Het college heeft zich in hoger beroep op het standpunt gesteld dat geen sprake was van een gebrek in de besluitvorming omdat de aanvraag van appellant onduidelijk was en daaruit niet kon worden opgemaakt dat deze tevens zag op de kosten in kort geding van € 1.442,-. Daarom heeft de rechtbank het beroep terecht ongegrond verklaard. Dit standpunt is niet juist. De aanvraag van appellant zag ook op de kosten voortvloeiende uit het kort geding tussen hem en de verhuurder. Dit kan worden afgeleid uit het aanvraagformulier. Op dit formulier staat bij punt 4 onder meer vermeld dat appellant ‘Proceskostte Kort Geding. Hoger beroep Grifierecht Civiel toevoeging advocaat’ wil aanvragen. Voor zover het college al meende dat deze aanvraag onvolledig was, had het op zijn weg gelegen om appellant in de gelegenheid te stellen om de benodigde aanvullende stukken te overleggen. Doordat het college niet heeft beslist op een deel van de aanvraag, kleeft aan het bestreden besluit een gebrek. Anders dan appellant echter stelt, had de rechtbank het beroep vanwege dit gebrek niet gegrond hoeven te verklaren.

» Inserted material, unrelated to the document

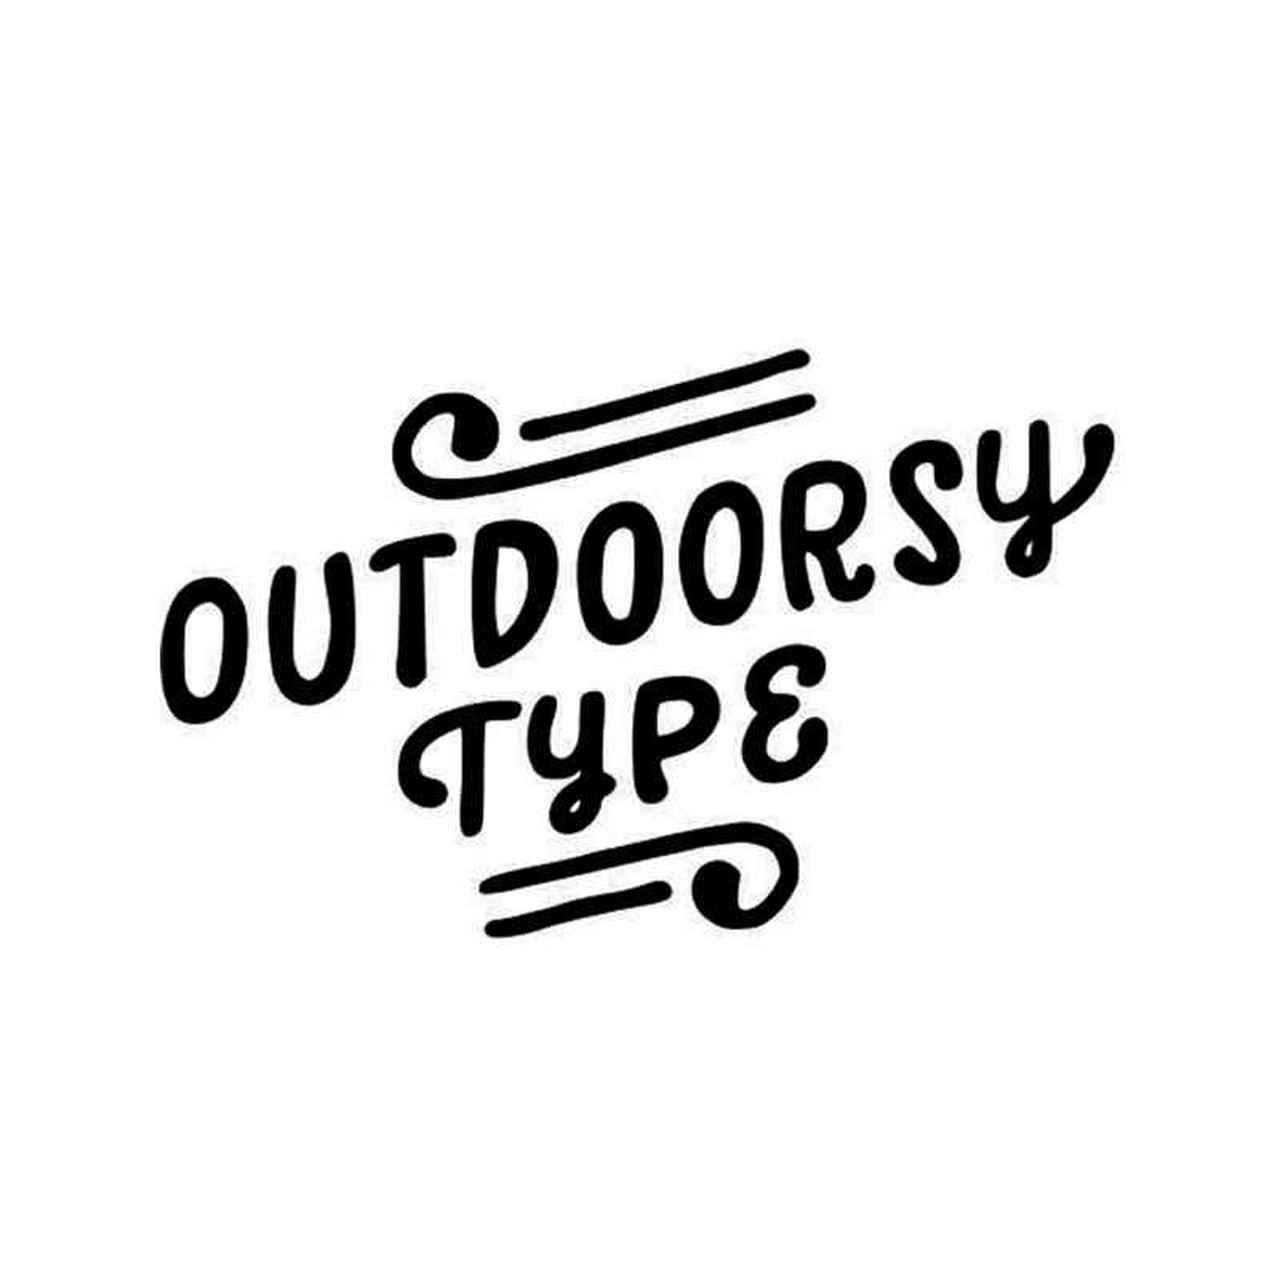 Outdoorsy Logo - Outdoorsy Type Adventure Outdoorsy Type Tumbler Cup Yeti Vinyl Sticker

Wel had de rechtbank in deze omstandigheid aanleiding moeten zien om toepassing te geven aan artikel 6:22 van de Awb, nu aannemelijk is dat de belanghebbenden door het gebrek niet zijn benadeeld. Immers, ook als het gebrek zich niet zou hebben voorgedaan zou een besluit met gelijke uitkomst zijn genomen.
4.4.
Uit 4.3 volgt dat de aangevallen uitspraak moet worden bevestigd, met verbetering
van de gronden omdat de rechtbank zelf geen toepassing heeft gegeven aan artikel 6:22 van
de Awb.
5. Gelet op wat in 4.4 is overwogen bestaat aanleiding het college te veroordelen in de proceskosten van appellant in beroep en hoger beroep. Deze kosten worden begroot op
€ 1.050,- in beroep en op € 525,- in hoger beroep, in totaal € 1.575,- voor verleende rechtsbijstand.

BESLISSING

De Centrale Raad van Beroep
- bevestigt de aangevallen uitspraak;
- veroordeelt het college in de kosten van appellant tot een bedrag van € 1.575,-;
- bepaalt dat het college het door appellant in beroep en hoger beroep betaalde griffierecht van
in totaal € 178,- vergoedt.
Deze uitspraak is gedaan door G.M.G. Hink, in tegenwoordigheid van R.I.S. van Haaren als griffier. De beslissing is uitgesproken in het openbaar op 8 december 2020.